Currently, diabetes is a chronic disease that affects a large part of the population. Among the varieties of diabetes we find type 1 and 2 diabetes, gestational diabetes, and diabetes caused by surgery, among other causes. Of these, only type 2 diabetes can be operated by means of metabolic surgery in patients with an overweight of more than 15 kg or obesity.
What does diabetes surgery consist of?
The most effective diabetes surgery consists of diverting the food so that it does not pass through the whole intestine, but through a part that specialists in general surgery calculate as necessary to absorb less sugar and less fat. In this way, glycemia, cholesterol and triglycerides are normalized, weight is lost, arterial hypertension is improved, snoring disappears and mobility is improved.
What advances does diabetes surgery involve?
The importance of the inclusion of surgery in the treatment of diabetes lies in the fact that it is the only one that has modified the course of the disease in overweight patients. Thanks to this development, the person can stop all medication, including insulin.
Moreover, it is an economic advantage, since it is cheaper to operate on patients than to provide them with drugs throughout their lives and to take on their complications: heart attacks or strokes, loss of vision, kidney damage with dialysis or transplantation, amputation of lower limbs, impotence, etc. In addition, survival and quality of life are greater with diabetes surgery.
Finally, the evidence that diabetes surgery is superior to medical treatment for glycemic control in the obese patient is increasingly notable.
Why is its application slow?
There are many reasons for this situation. On the one hand, there are a large number of physicians who continue to ignore the superior results of surgery over medical treatment. Others are unaware that today’s operations are very different from those of a few years ago, diabetes surgery has developed rapidly and steadily over the last decade.

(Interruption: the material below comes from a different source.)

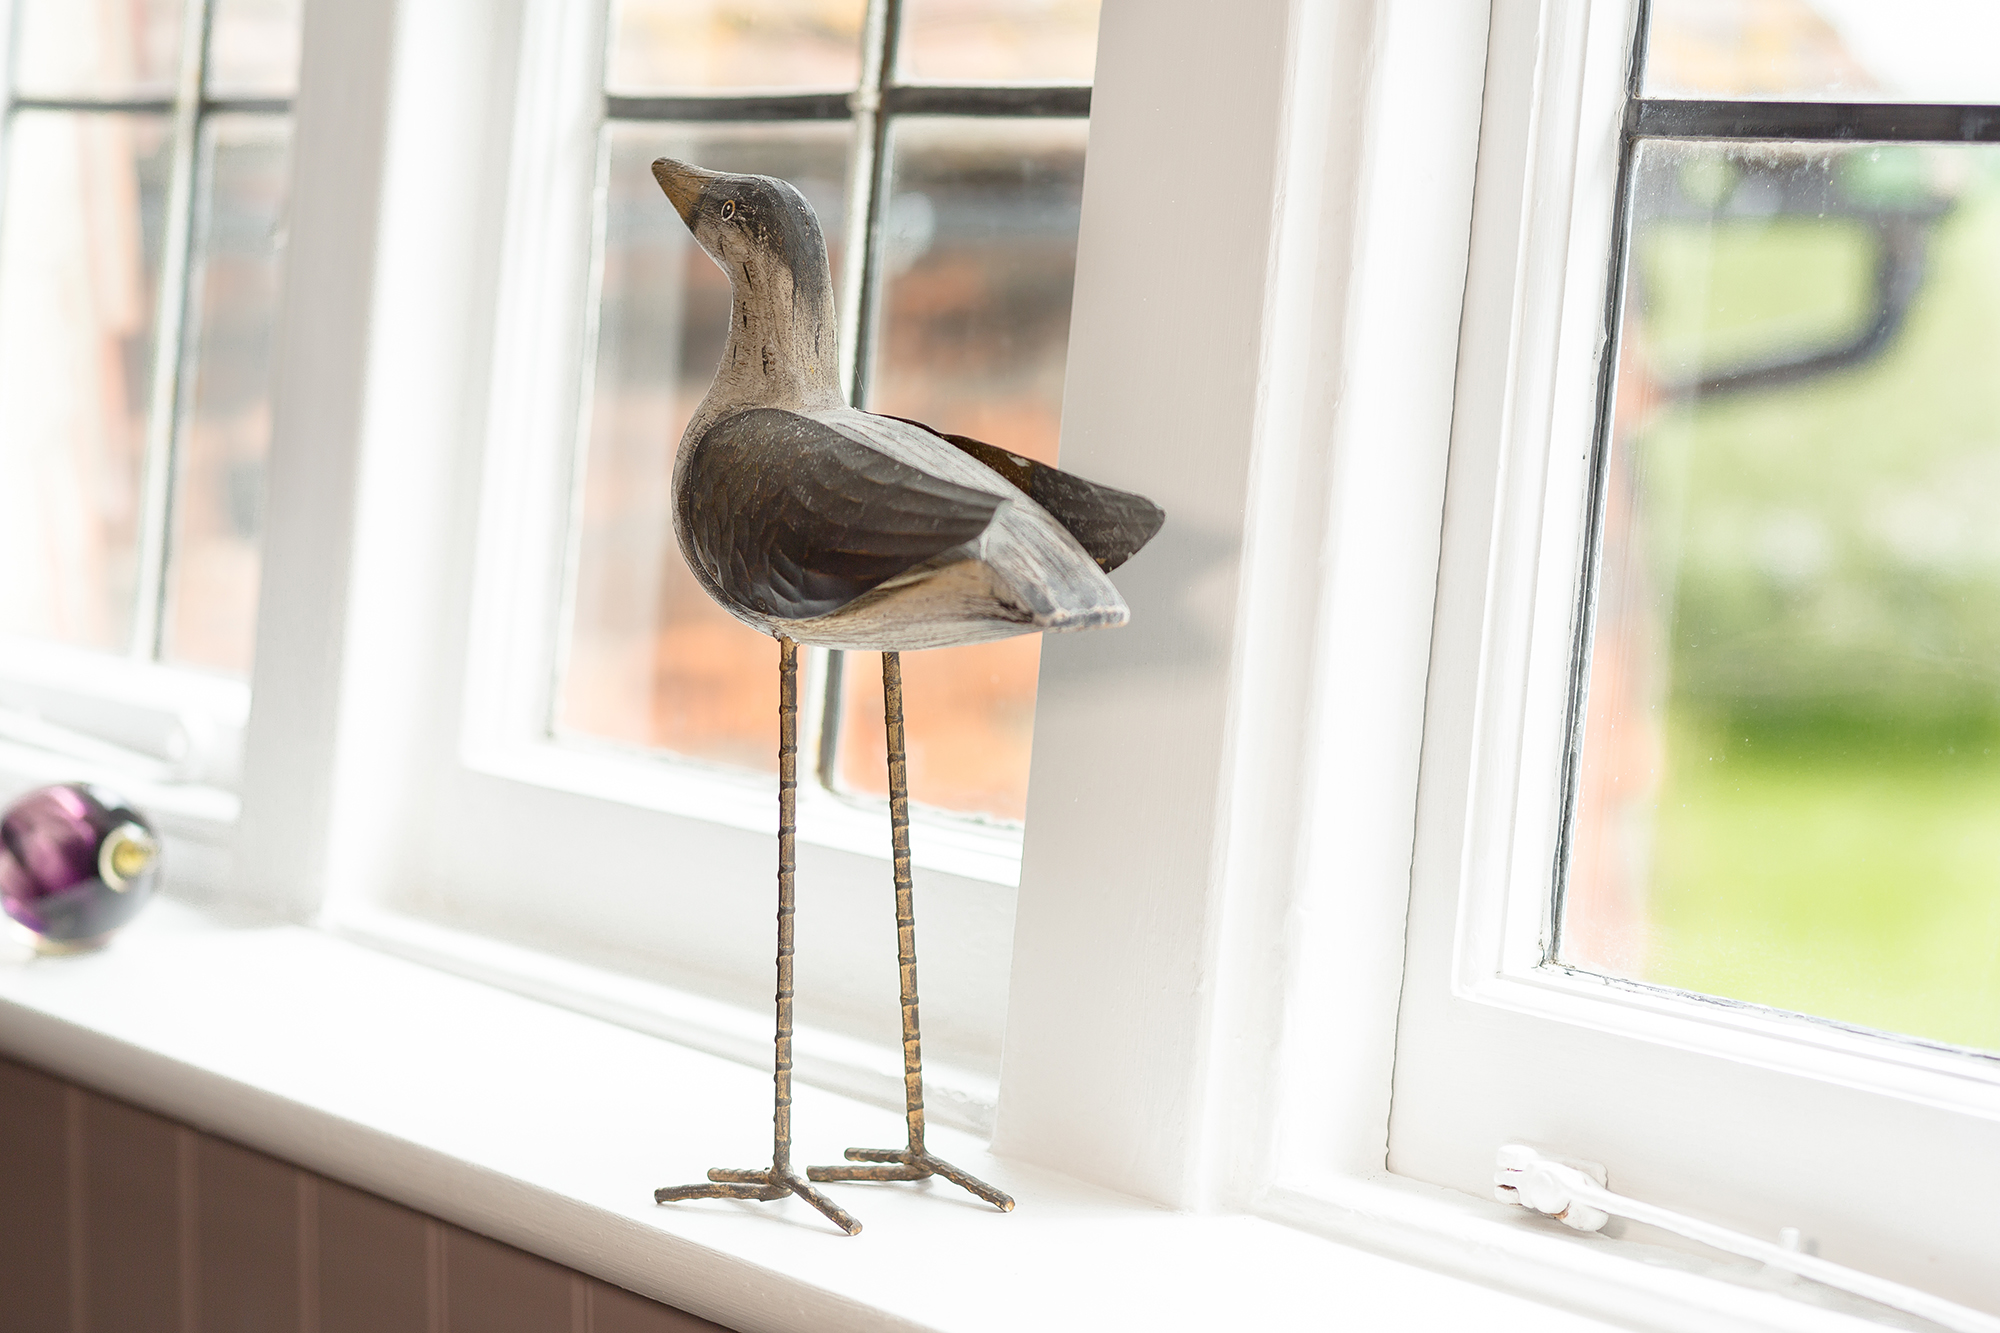 Wooden seagull

How have you contributed to the development of this surgery?
Firstly, with the preparation of a consensus document between different medical societies so that the surgery could be performed in Spain. Also, by improving the gastroileal bypass technique to the point of performing the surgeries in 30 minutes, with minimum risks and a very fast recovery, with a hospital stay of 48 hours or less. In addition, patients can eat normally after surgery, something that does not happen with stomach reductions.
Thanks to this intervention, type 2 diabetes is resolved, normalizing glycemia, withdrawing all types of medication, including insulin, and stopping the appearance of diabetes-related complications such as heart attacks or strokes, loss of vision, kidney damage with dialysis or transplantation, lower limb amputations, impotence, among others.
Is the gastroileal bypass only useful for diabetes?
The gastroileal bypass is designed to solve the metabolic syndrome as a whole, not only diabetes, thus improving survival and giving patients a better quality of life. The people to whom the intervention is recommended are type 2 diabetics who are more than 15 kg overweight. This type of operation is not feasible for type 1 diabetes, nor for thin people.